What Counts as Advice Under FAIS
Under the Act, 'advice' is any recommendation, guidance or proposal of a financial nature made to you about a specific product — for example, being told that a particular policy suits your needs or that you should switch insurers. It is broader than most people expect and covers far more than a hard sell.
The distinction the Act draws is between advice and mere factual information. Quoting a premium or explaining how an excess works in general is information; steering you toward a specific product for your situation is advice, and the moment it becomes advice the FAIS duties attach to whoever gave it.
The Financial Products FAIS Covers
FAIS covers a wide range of products, including short-term insurance such as car, home and contents cover, long-term insurance like life and disability policies, investment products, retirement annuities, and collective investments. Car insurance sits squarely within the short-term insurance category it regulates.

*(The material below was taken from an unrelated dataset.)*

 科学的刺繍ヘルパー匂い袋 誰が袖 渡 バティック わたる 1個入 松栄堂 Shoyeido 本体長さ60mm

Because the net is wide, the same protections apply whether you are buying a motor policy or a retirement product. The provider must be licensed for the specific category of product they advise on, which is why a broker's licence lists the product types they are authorised to handle.
What FAIS Requires of Providers
A Financial Services Provider, or FSP, must be licensed and competent, must give advice appropriate to your actual needs, must disclose all material information including costs and commissions, and must handle complaints fairly. These are legal obligations, not courtesies.
OneCompare (Pty) Ltd is an Authorised Financial Services Provider, FSP number 55551, and operates under exactly these duties. The FSP number is the visible sign that a provider is licensed and accountable under the Act.
Your Rights as a Consumer
FAIS gives you the right to receive advice only from a licensed FSP, to get clear written disclosure of all costs and commissions, to be told about a product's material features and exclusions, to a cooling-off period on a new policy, and to complain to the FAIS Ombud if you are treated unfairly.
These rights are most useful before you commit. Asking for the FSP number, the written disclosure and the reasons a product is being recommended turns the Act's protections from theory into a practical checklist you can run through at the point of sale.
The FAIS Ombud
The FAIS Ombud investigates complaints about the conduct of FSPs — chiefly poor, misleading or unsuitable advice. If you believe you were steered into the wrong product or not told something material, you can lodge a complaint at no cost, and the Ombud's determinations bind the FSP up to a statutory limit.
The Ombud is the recourse arm of the Act: the licensing and conduct rules set the standard, and the Ombud is where a breach of that standard is tested. Keeping the written disclosures and advice records you are entitled to is what makes such a complaint provable.
What FAIS-Compliant Means
A provider that is FAIS-compliant holds the right licence for the products it advises on, employs representatives who meet the competence requirements, gives and records proper advice, and discloses costs and conflicts as the Act demands. Compliance is an ongoing obligation, not a one-time tick.
For you, the practical signal of compliance is a verifiable FSP number and a provider willing to put its advice and disclosures in writing. A provider that cannot produce an FSP number, or will not document its advice, is the warning sign the Act was written to surface.